I chuckle nervously. “It sounds ridiculous.”
“No, honey. It sounds like grief and coping with it. This is where you feel closest to her. Of course you’re going to have dreams about her and read into every single thing about them. That’s what everyone does.”
She meets my eyes and compassion oozes out of her. “If you tell anyone about this and how I’m losing my mind I’m going to deny it and blame it on the wine.”
Her smile is lightning quick. “Deal. Besides, you have more than enough blackmail material on me, so it’s a nonstarter.”
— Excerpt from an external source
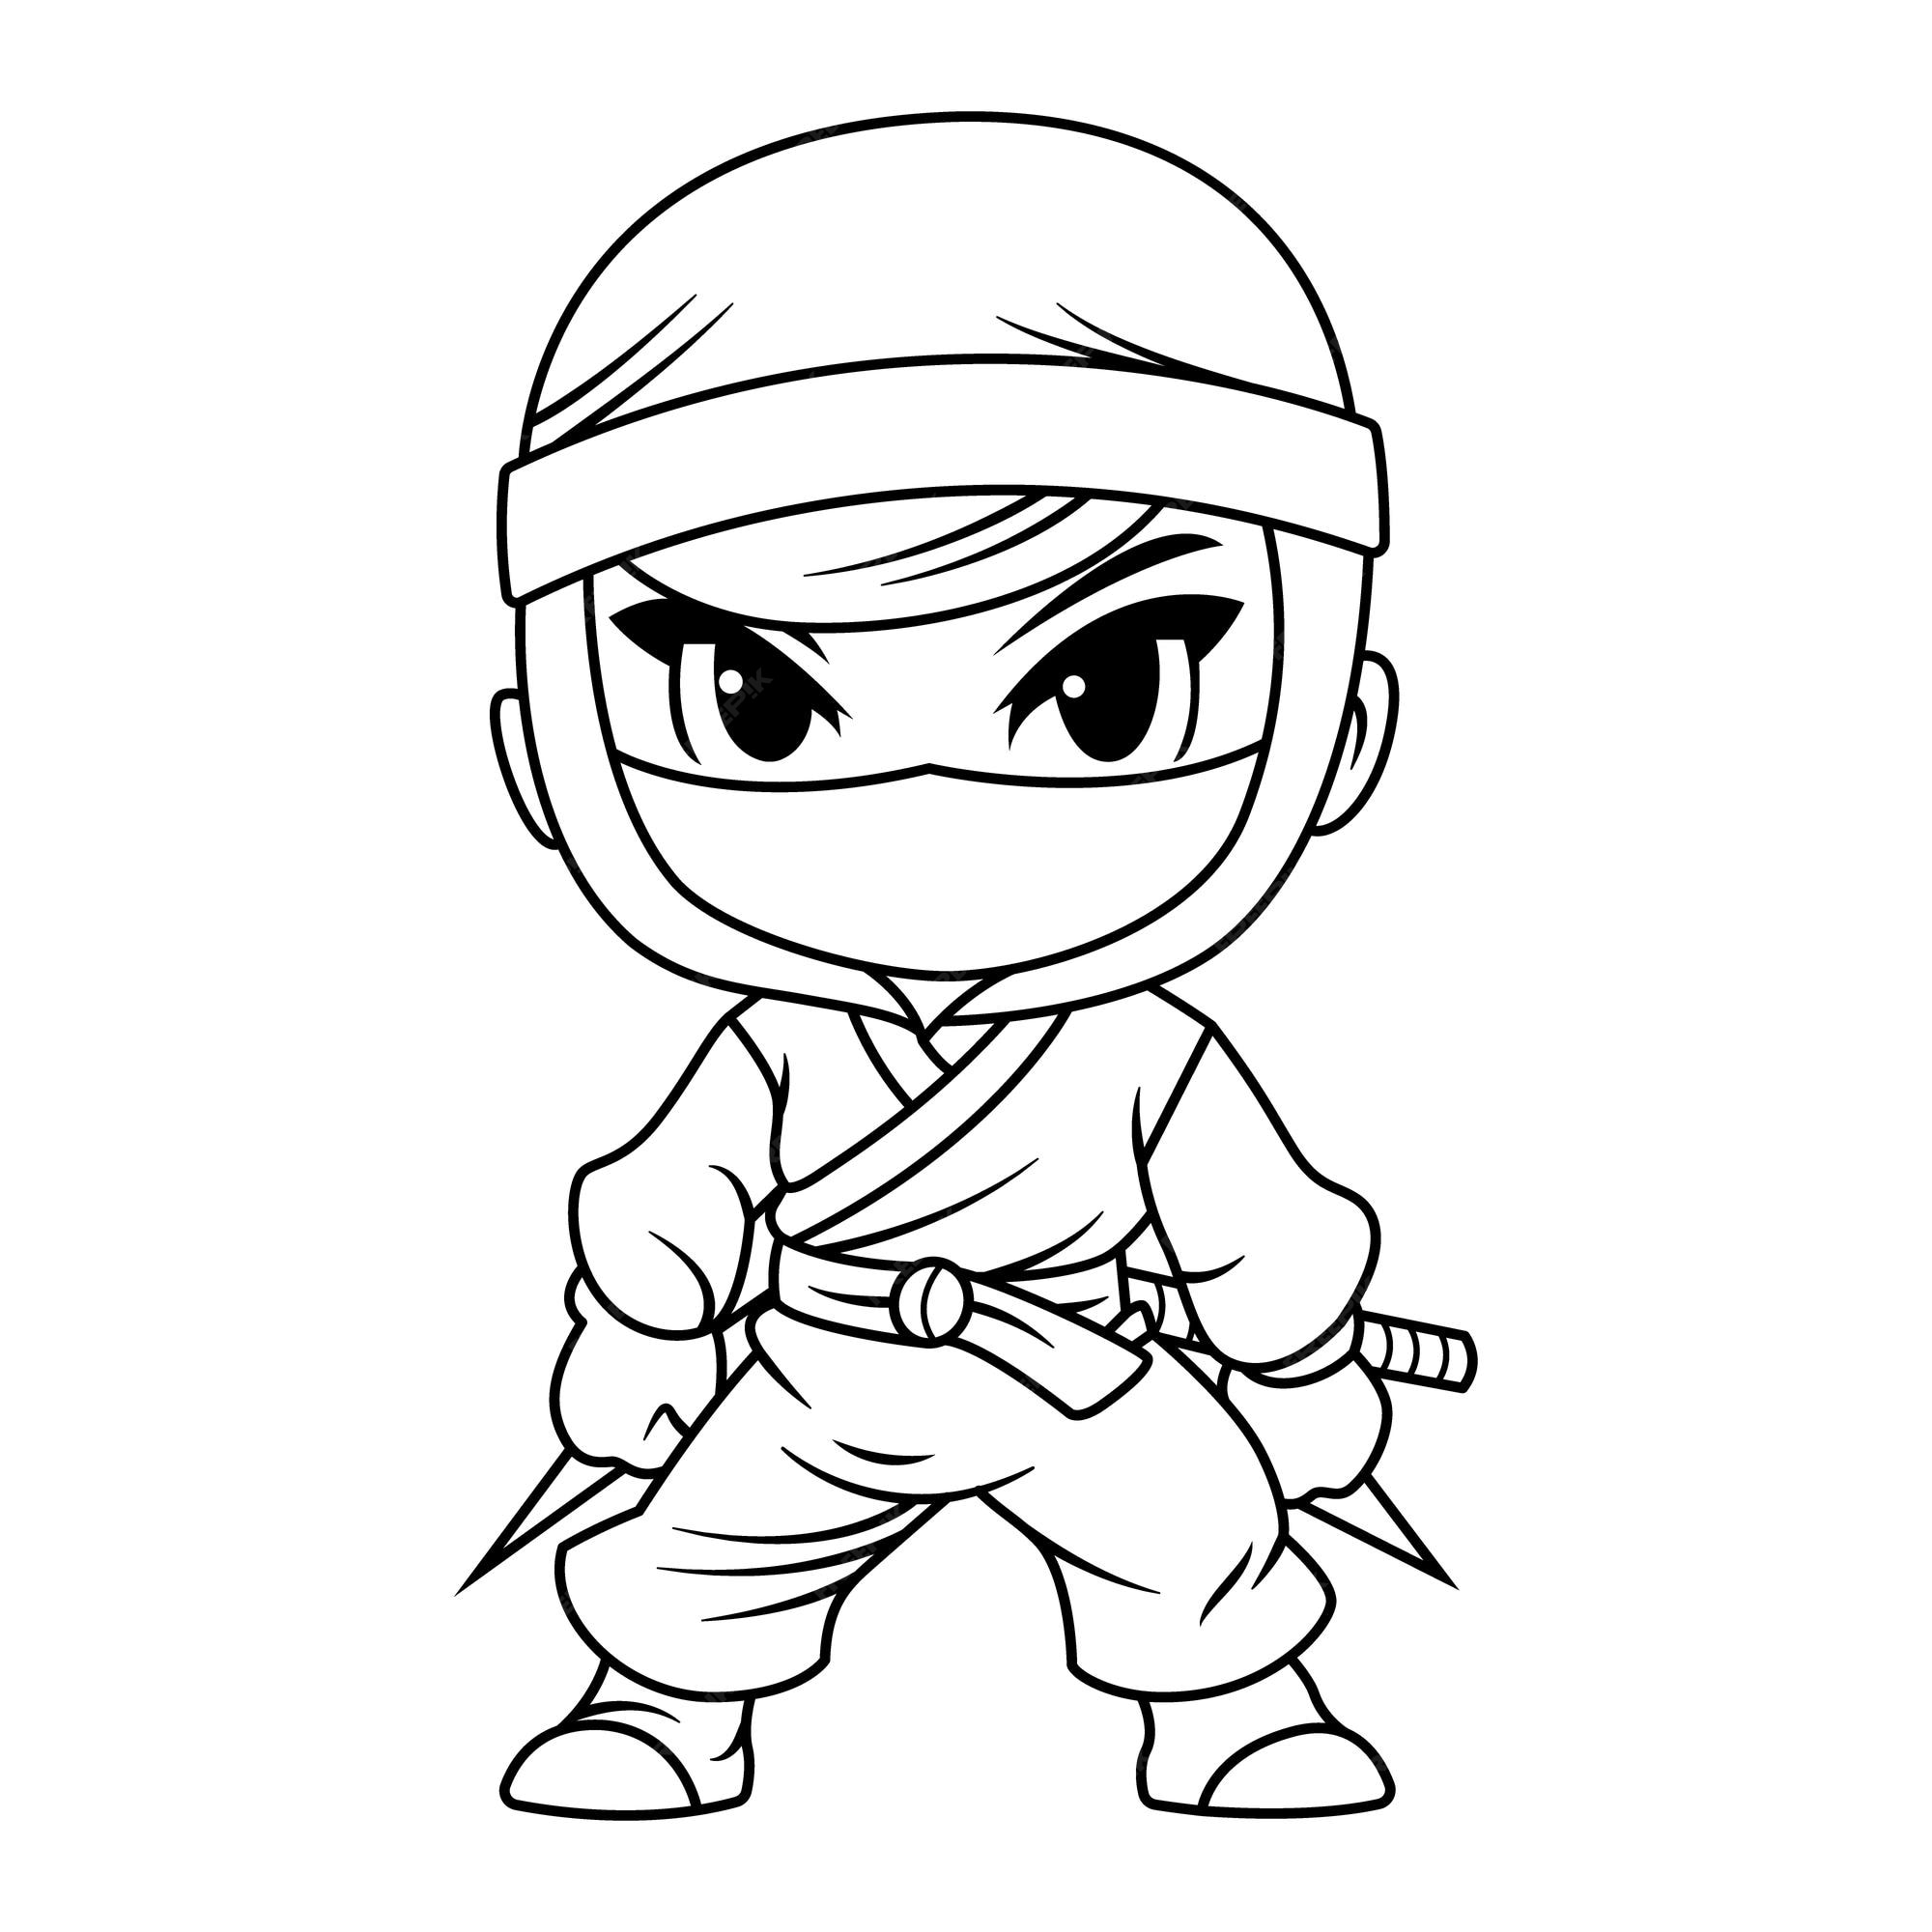 https://img.freepik.com/premium-vector/adorable-ninja-coloring-page-isolated-clean-minimalistic-simple-line-artwork-kids-friendly_708456-246.jpg?w=2000
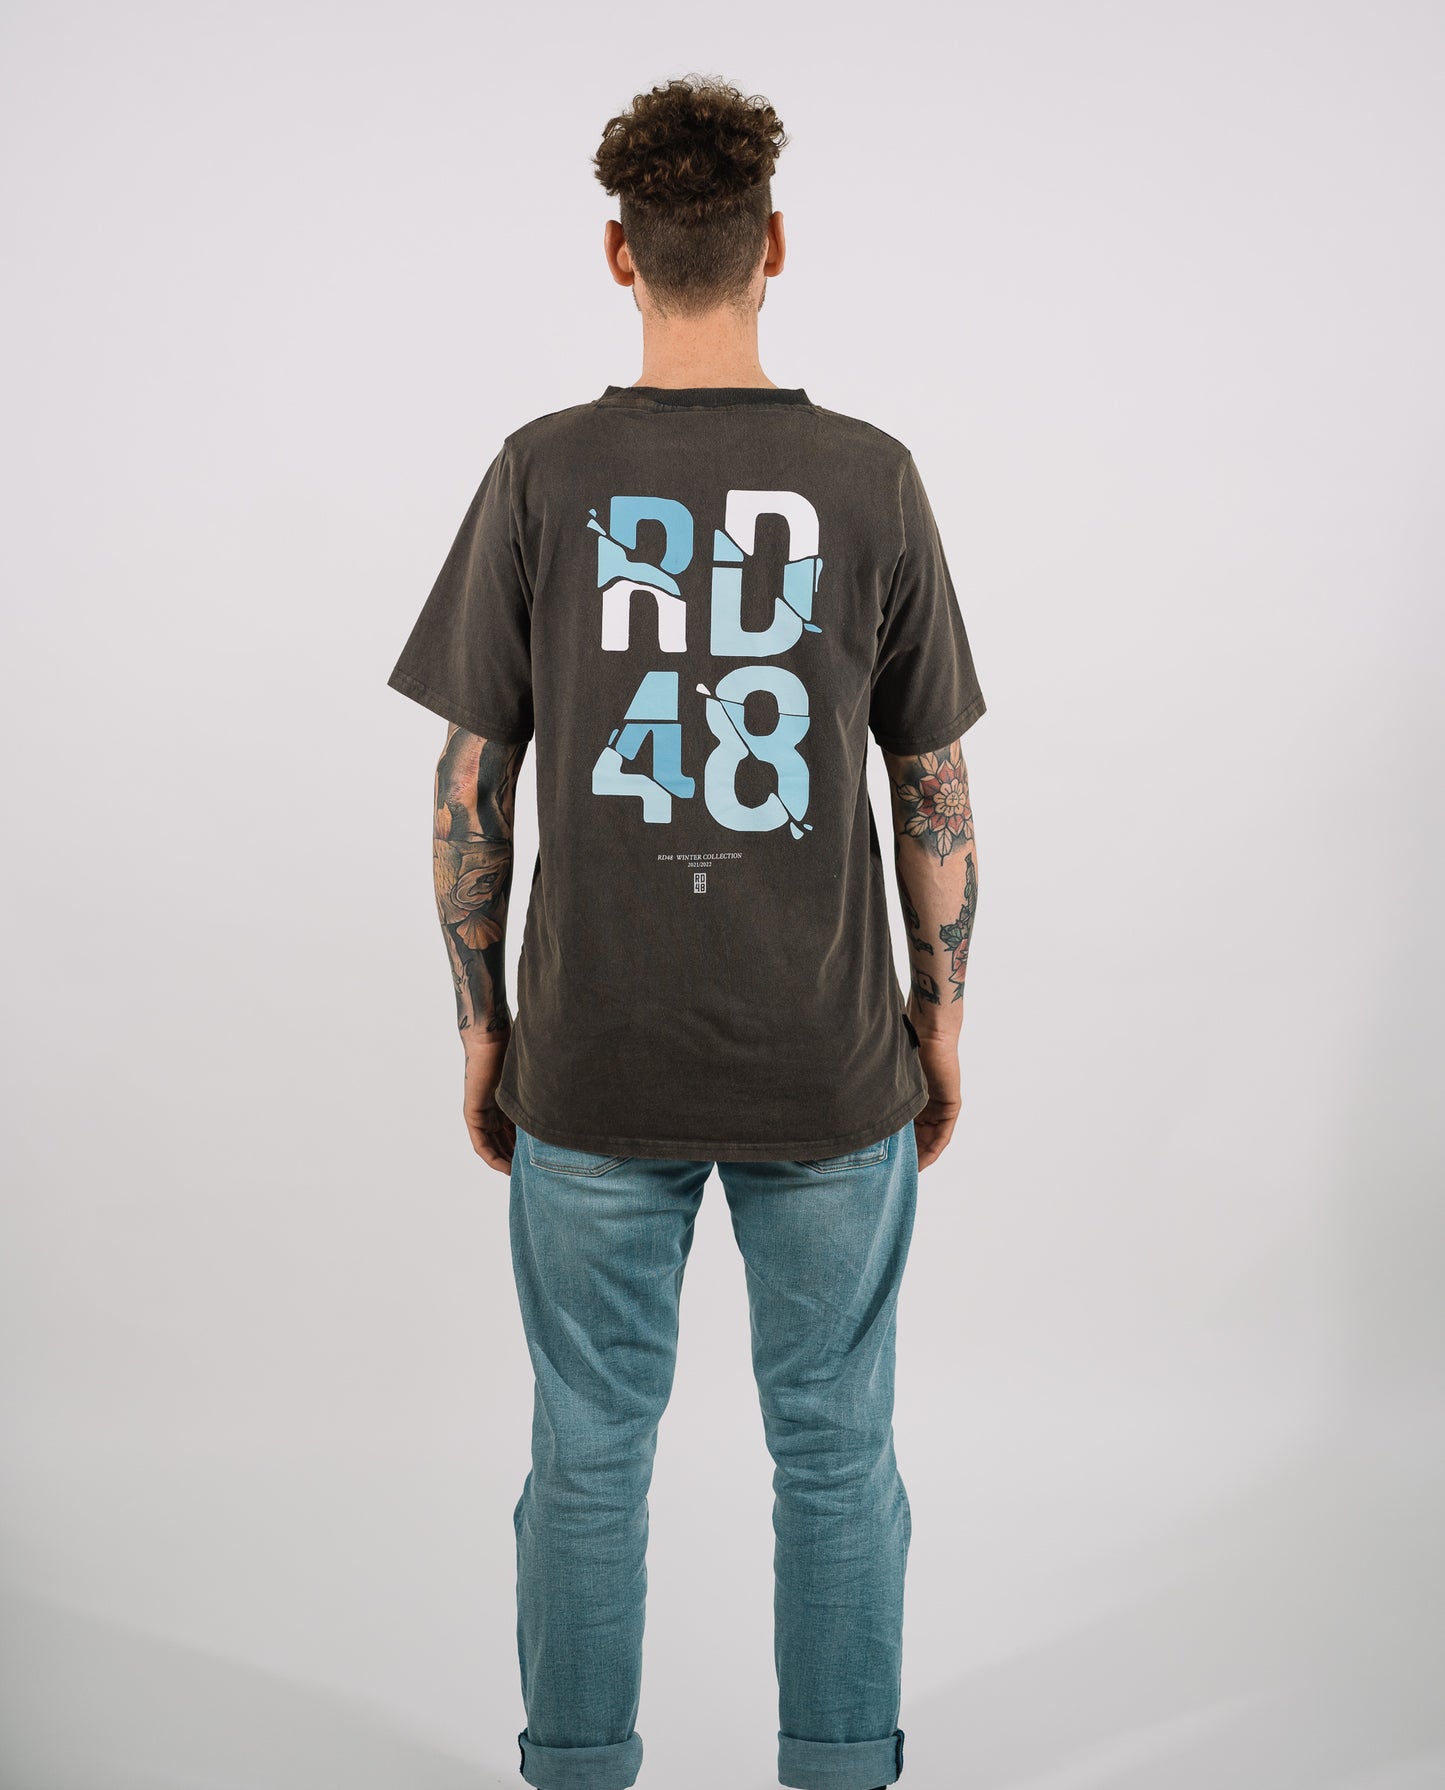 RD48 Icefall T-Shirt

My smile is quickly replaced with a groan as I rest my head back in frustration. “No doubt good ol’ Henry would blur some lines if my name were Rhett.”
She lifts her eyebrows and contemplates my comment. “You’re serious about that, aren’t you? You really think he’d risk his law license for your brother?”
“I’m only hoping he’d risk it for Chad at this point because that means it would benefit me.” I huff. “I don’t put anything past anyone with the last name Rothschild, Williams, or Knight these days.”
“Even the Williams you’ve agreed to marry?”
If looks could kill, she’d be dead … but she has a point. “I’m reserving judgment, but so far he’s the only man in my life encouraging me and telling me what I want is worth fighting for.”